* **Exercise requirements**: Among the entries below, copy only the span from the line containing "Insulation construction method" through the line containing "China's CRH high-speed". Do so exactly, and skip the pictures.

* **Listed entries**:
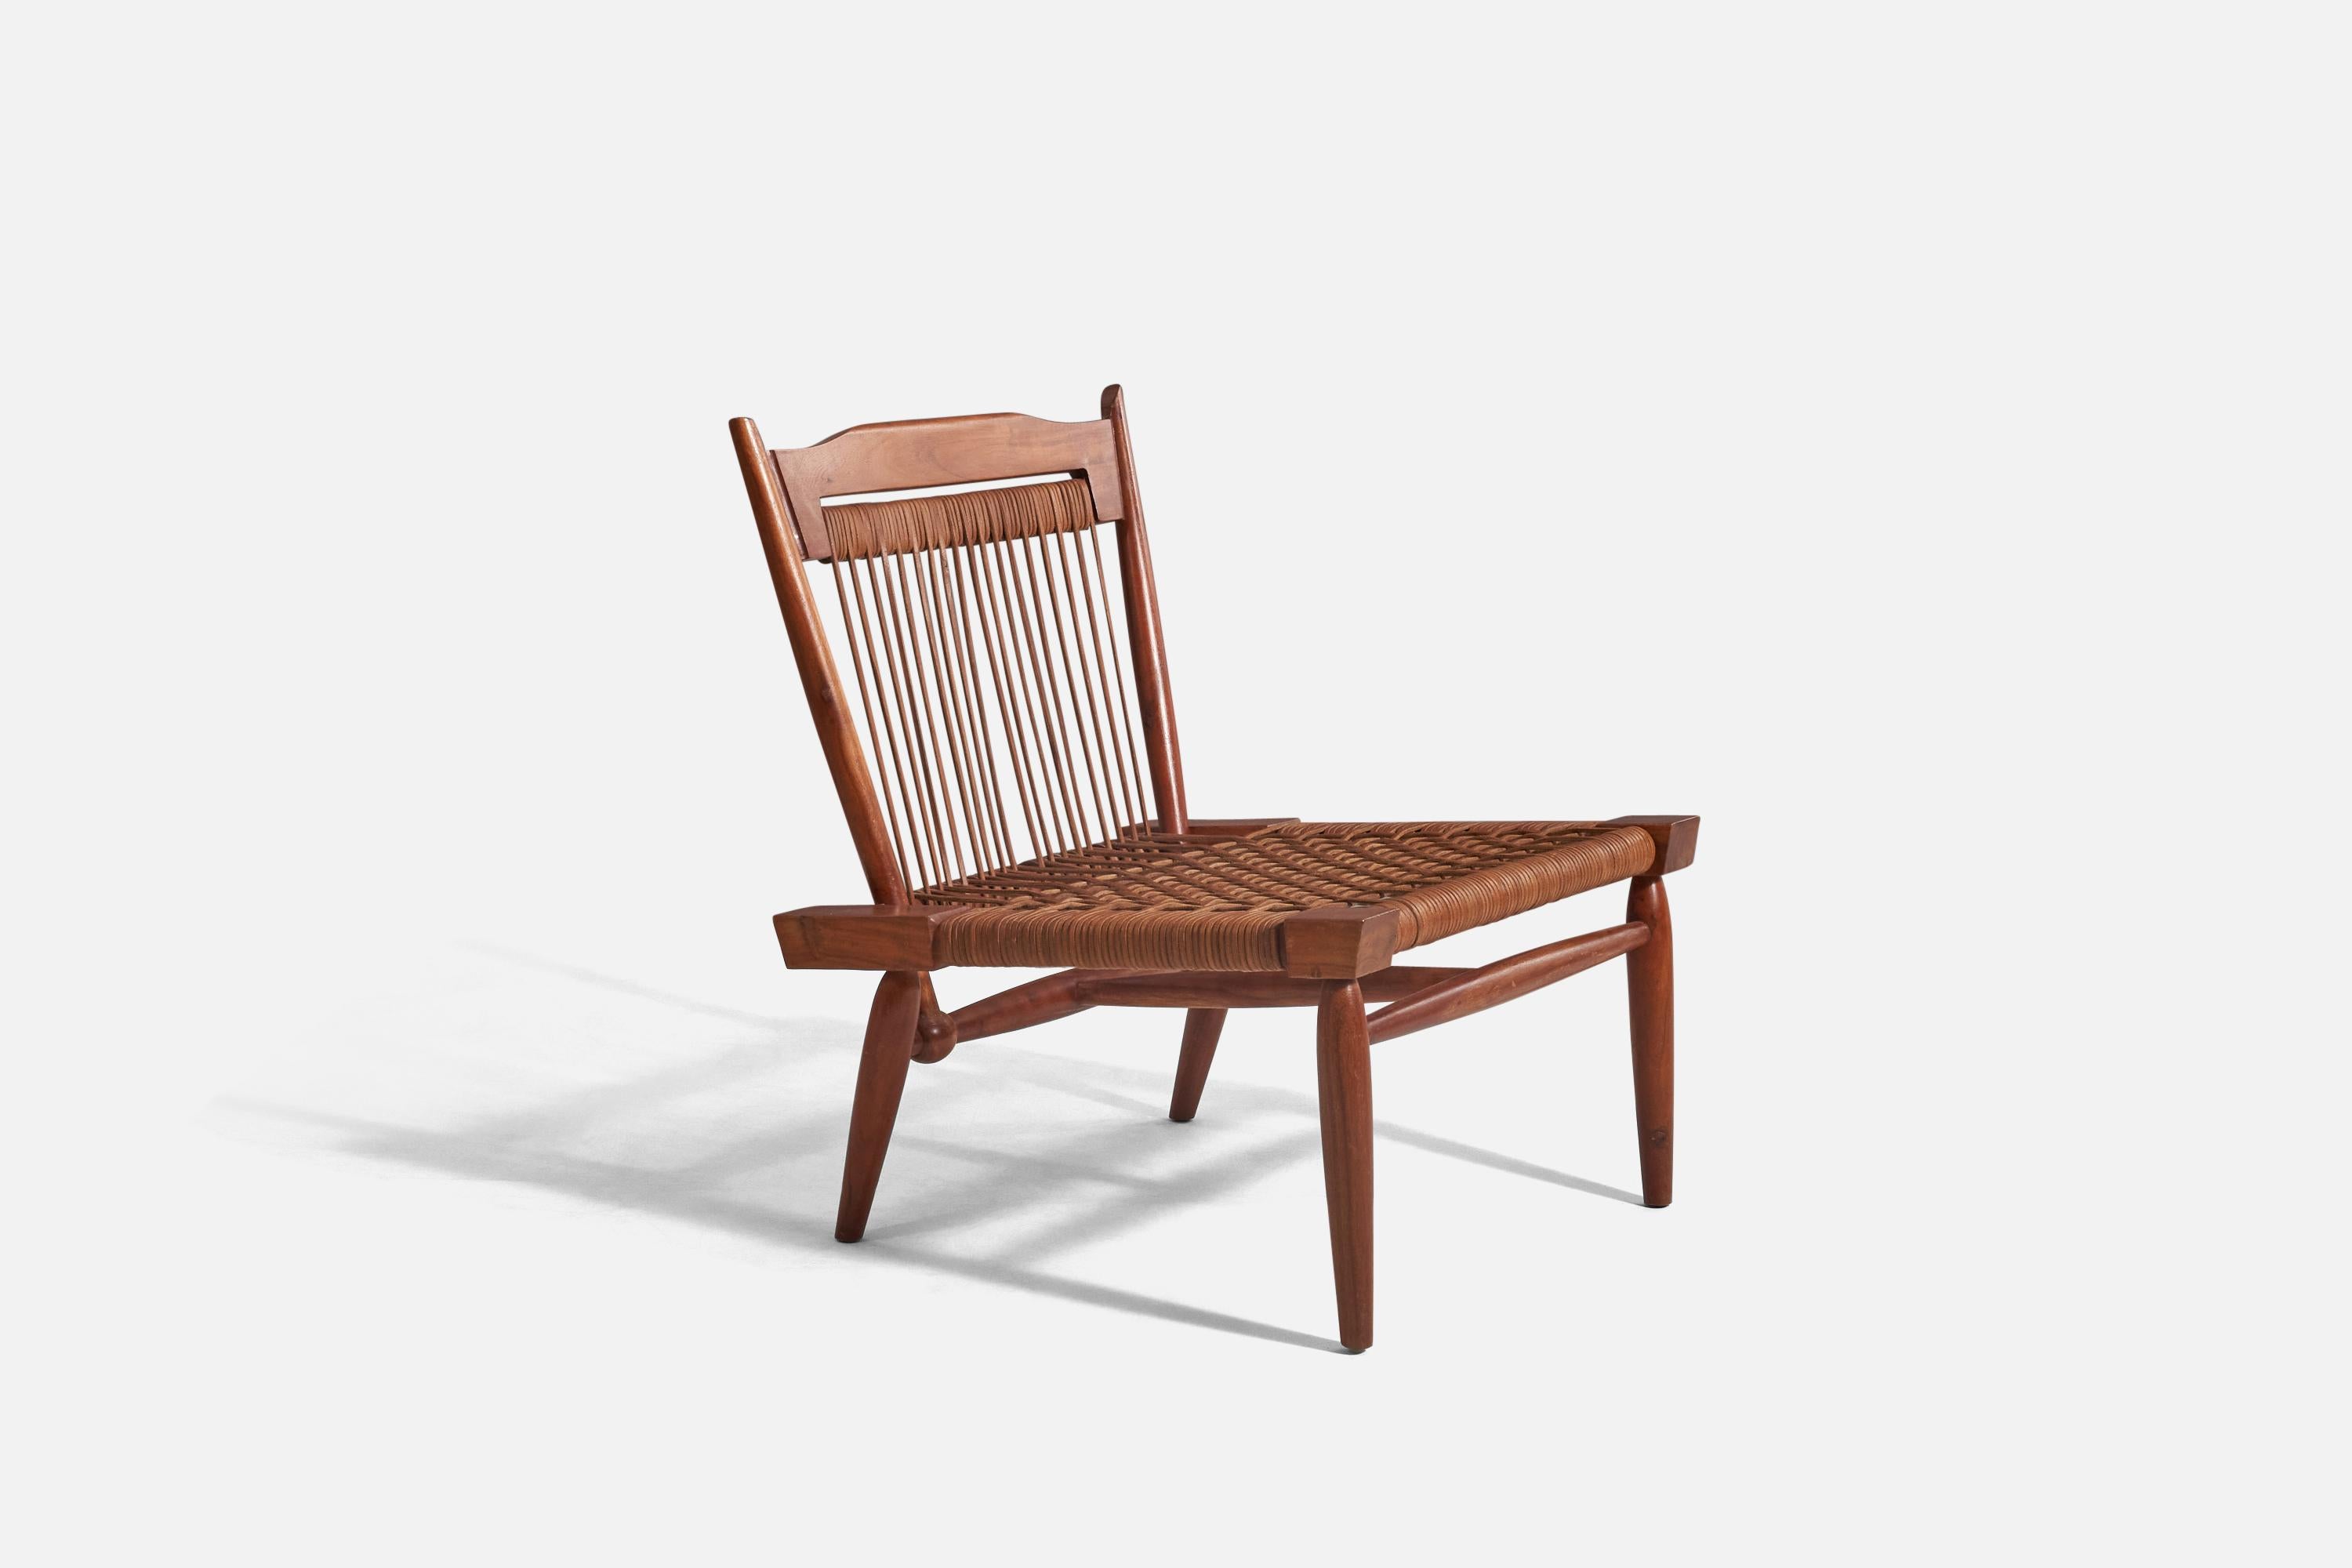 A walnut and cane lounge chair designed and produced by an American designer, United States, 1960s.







--

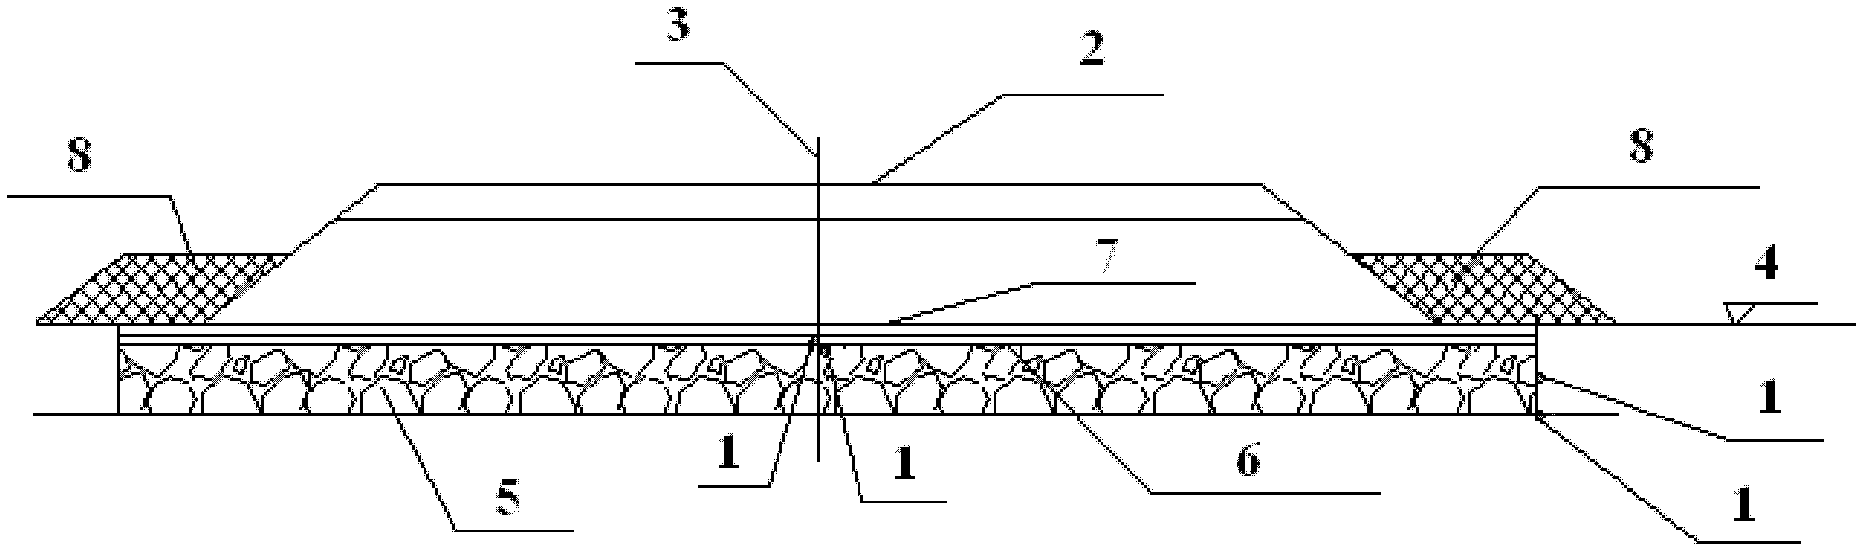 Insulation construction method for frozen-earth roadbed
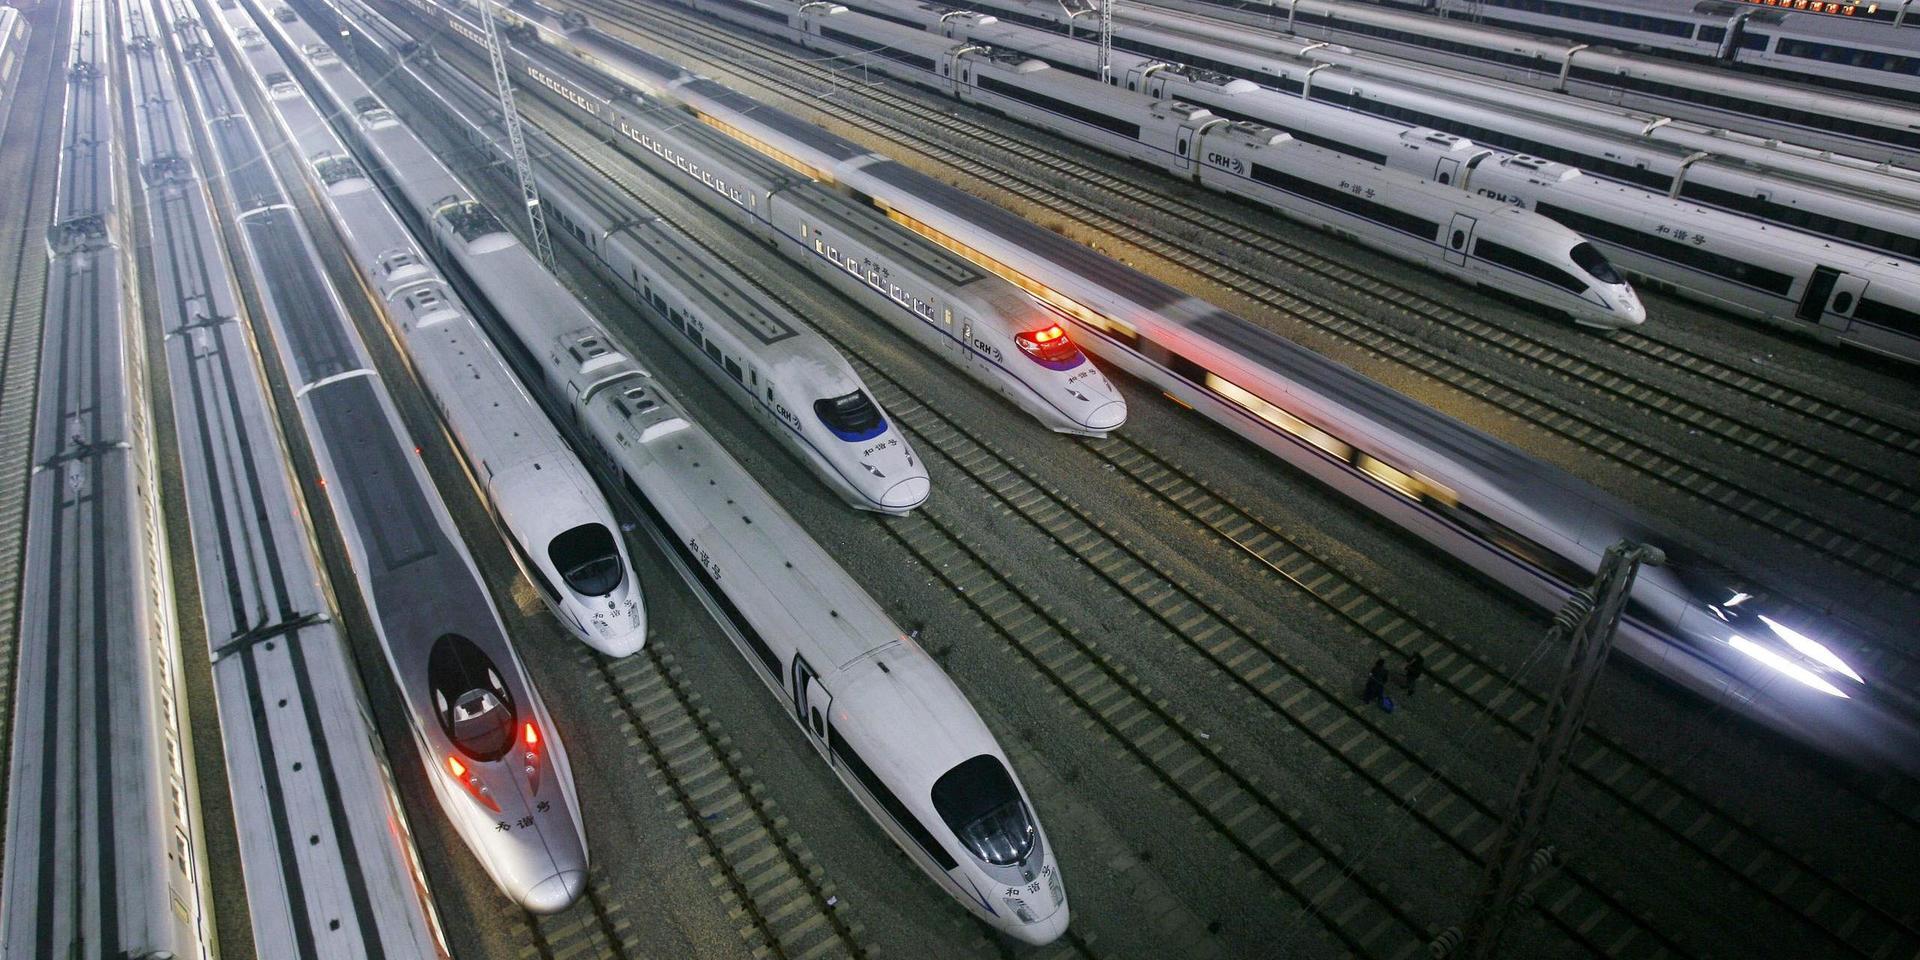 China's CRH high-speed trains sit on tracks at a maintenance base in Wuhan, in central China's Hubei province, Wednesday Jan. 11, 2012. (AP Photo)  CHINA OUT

* **Result of this task**:
 Insulation construction method for frozen-earth roadbed
 China's CRH high-speed trains sit on tracks at a maintenance base in Wuhan, in central China's Hubei province, Wednesday Jan. 11, 2012. (AP Photo)  CHINA OUT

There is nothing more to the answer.